Featuring original fiction by:
~ Brittany Warman ~ Milo James Fowler ~ C.S. MacCath ~ Sara Cleto ~ Samantha Kymmell-Harvey ~ Megan Arkenberg ~ Gary B. Phillips ~ Alexandra Seidel ~ Jonathan C. Parrish ~ Simon Kewin ~ Beth Cato ~ Cory Cone ~ Cindy James ~ Alexis A. Hunter ~ Michael M. Jones ~ Steve Bornstein ~ BD Wilson ~ Michael Kellar ~ Damien Angelica Walters ~ Marge Simon ~ Michael Fosburg ~ Suzanne van Rooyen ~ L.S. Johnson ~ Pete Aldin ~ Gabrielle Harbowy ~ Lilah Wild ~ KV Taylor ~
About the Editor
Rhonda Parrish is driven by a desire to do All The Things. She has been the publisher and editor-in-chief of Niteblade Magazine since 2007 (which is like 30 years in internet time) and is the editor of several anthologies including (most recently) Fae and B is for Broken.
In addition, Rhonda is a writer whose work has been in publications such as Tesseracts 17: Speculating Canada from Coast to Coast, Imaginarium: The Best Canadian Speculative Writing (2012) and Mythic Delirium.
Her website, updated weekly, is at http://www.rhondaparrish.com
Official Website: http://www.poiseandpen.com/publishing/alphabet-anthologies/b-is-for-broken/
G is for Glass by Gary B. Phillips:
Adina was born a girl of glass.
She had not been the first child with such a strange birth defect. The doctors had run tests on the child after her birth and delivered the news with practiced, solemn faces. Her mother carefully pulled back layer after layer of blankets to reveal a small translucent blue body, spindling arms and legs, and clear blue eyes that shone like the sky after a February storm.
She watched the children across the field kicking a soccer ball. One of them tripped and came back up with a bloody knee and grass in his hair. He was smiling though. She could smell the wet grass, hear the sound of their laughter. She wanted so badly to taste it.

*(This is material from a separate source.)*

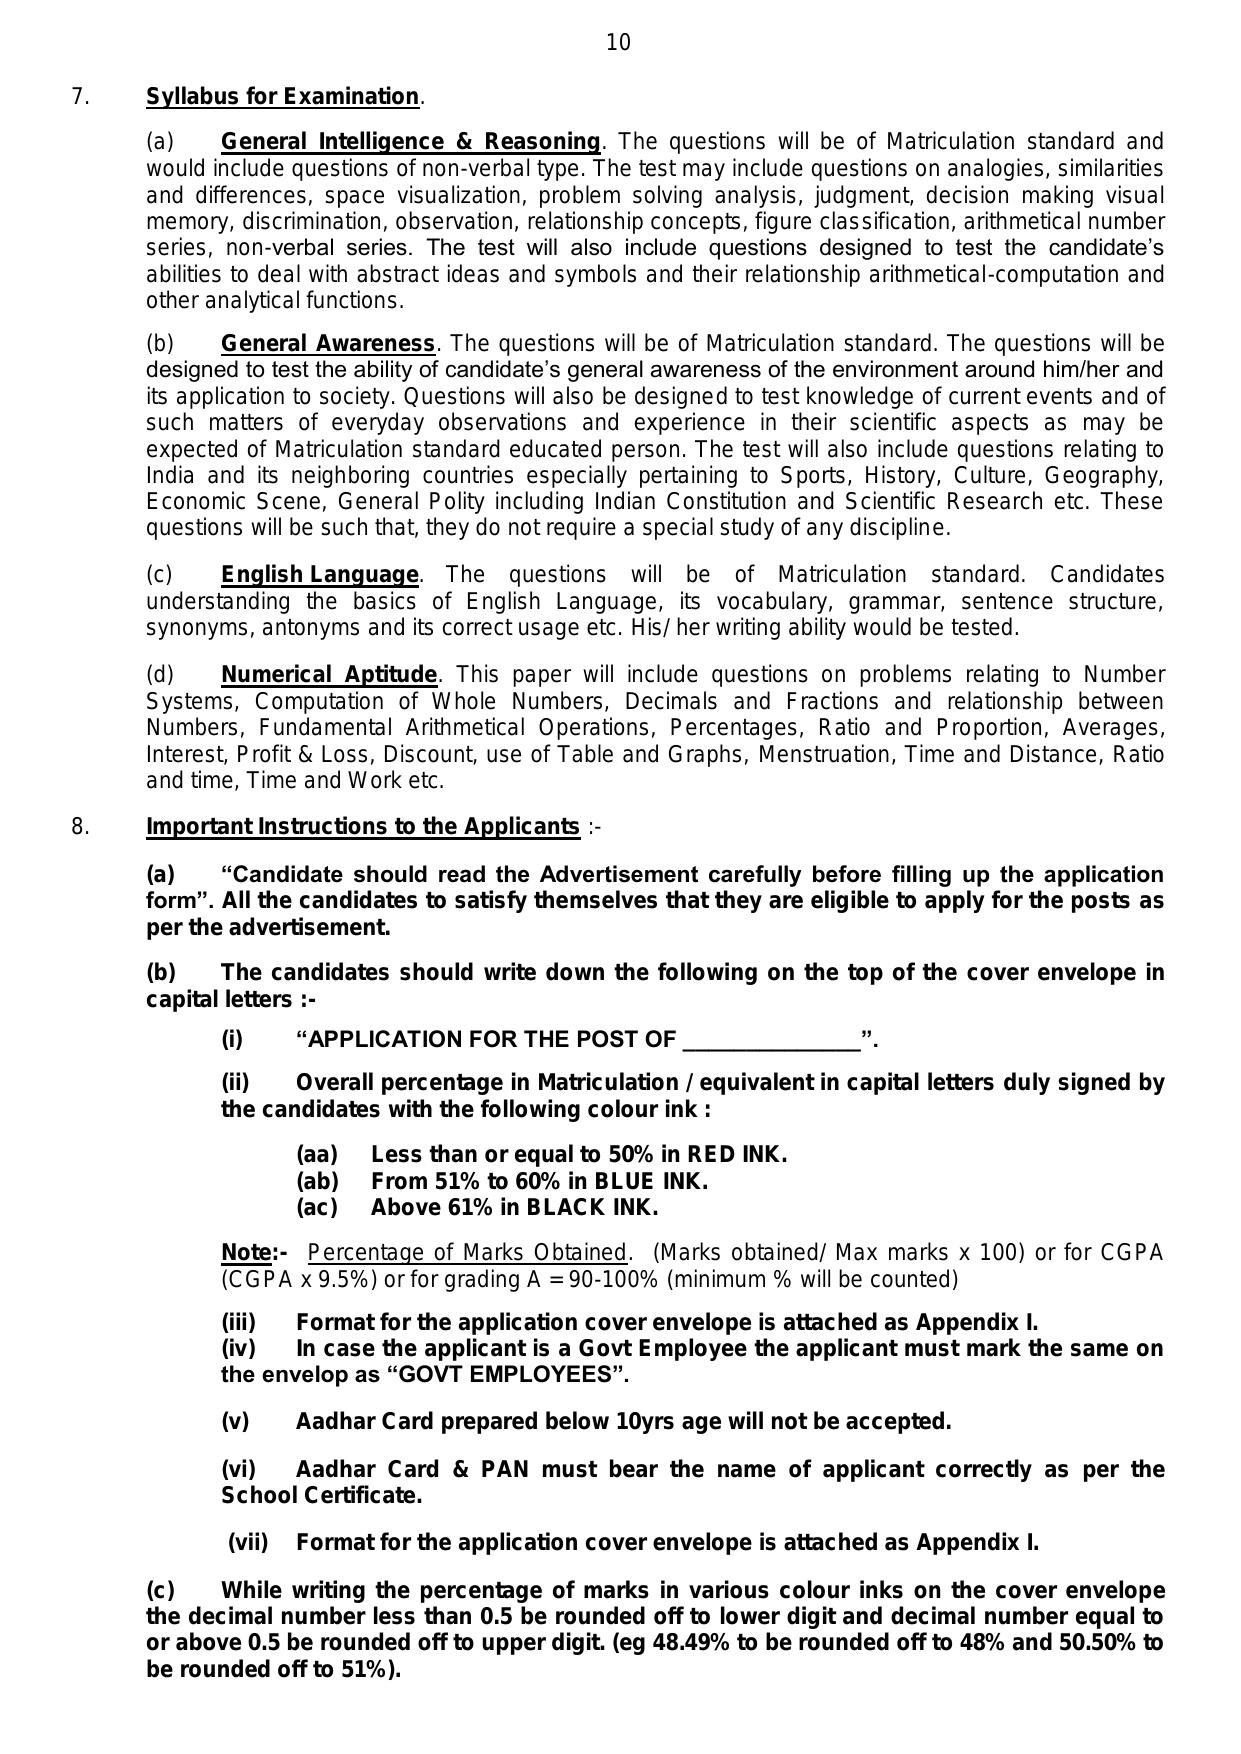 ASC Centre South 236 MTS, Fireman and Various Posts Recruitment 2023 - Page 8
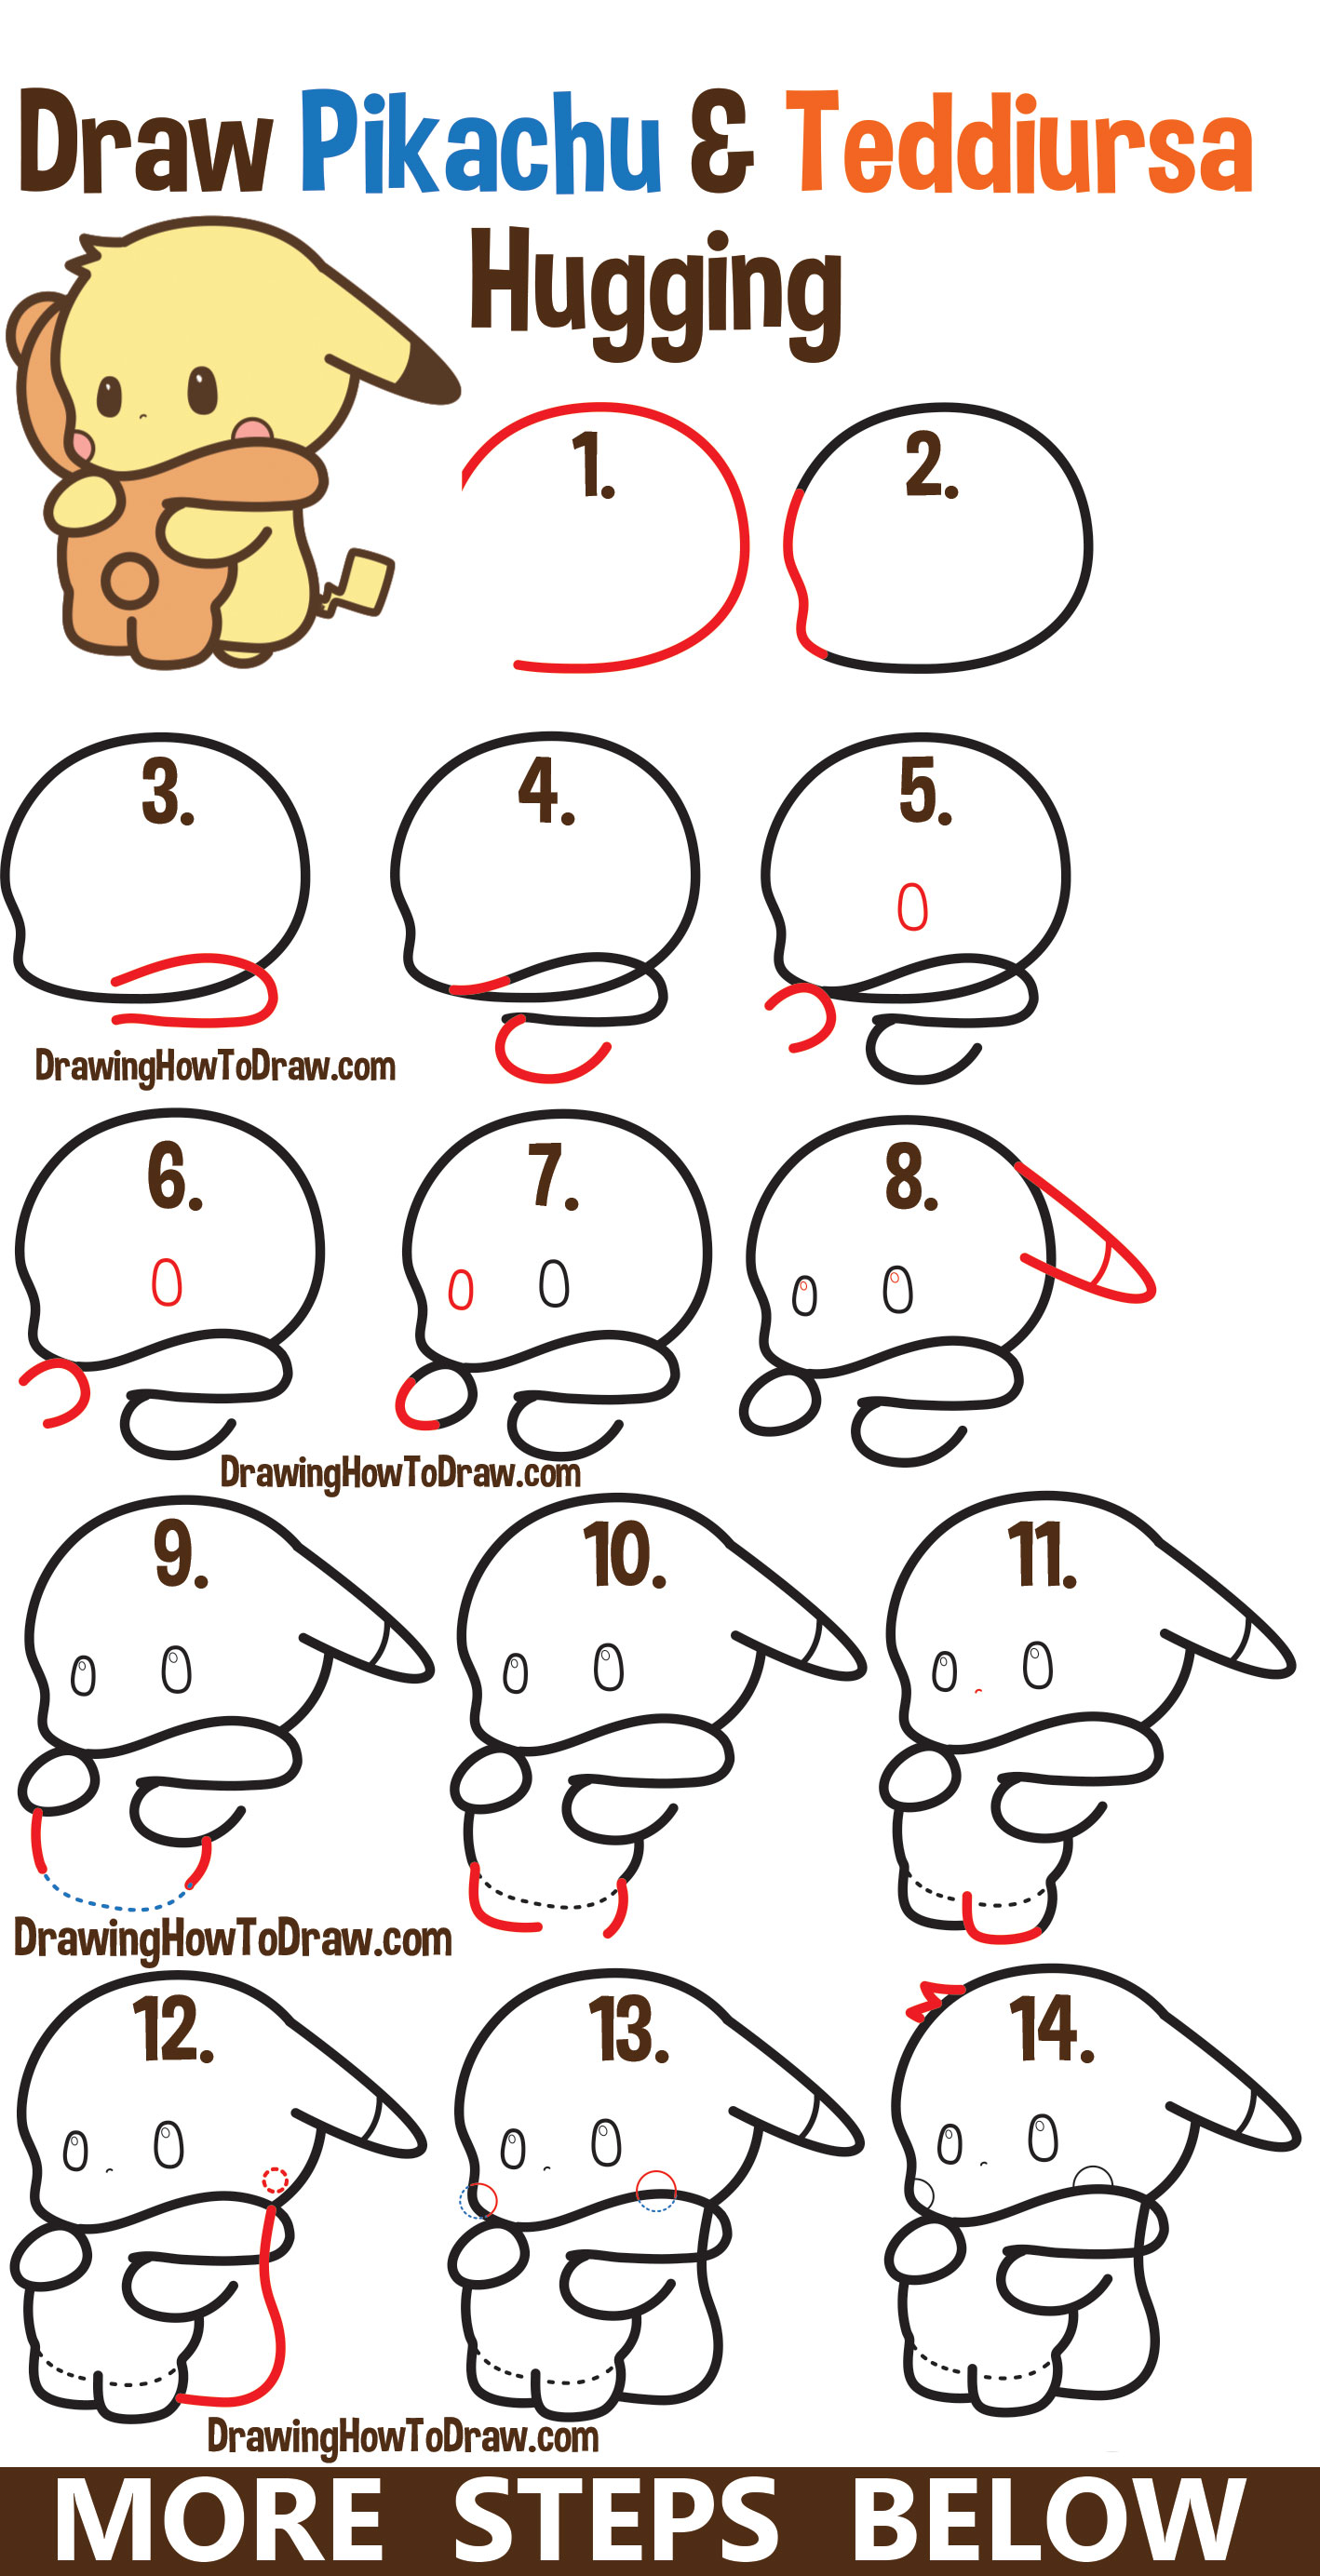 How To Draw Pikachu Step By Step Easy / Creature design is spot on.

She envied other children, hated them even, as they skipped up and down the stairs, two-at-a-time, even three. Jumping the last half dozen stairs and falling at the bottom, their voices howling with laughter and pain. Broken arms, scraped legs, and bloody noses.
“You look angry,” Shamira said.
Adina’s felt flush in her cheeks. She wondered if they were tinting red.
“I want that,” Adina said, and she pointed to the children playing.
“I know, but that’s where you got that.” Shamira pointed to the chipped glass of her elbow. “And this.” Her fingers brushed against Adina’s brow, where the sliver of missing glass was almost invisible to the naked eye if you weren’t looking for it.
“Some lives come with a higher cost. That’s why I’m here. To help you.”
That was the thing about Shamira. She never made it sound as if she was being paid to be there. She always gave her answers as a friend.
Even at six Adina knew her life was fake. She had been made in some strange, fake way and existed in a state somewhere between liquid and solid, always in suspended animation, never able to reach any point for herself.
She had heard rumors about other children of failed experiments. Most of them were thrown away. Those that were not formed small communities, under bridges, tent cities, at the edges of civilization. The children in her neighborhood traded stories about them, whispered words on fall winds. Freak. Monster. Alien. She wondered if there was another glass child. A glass boy, perhaps.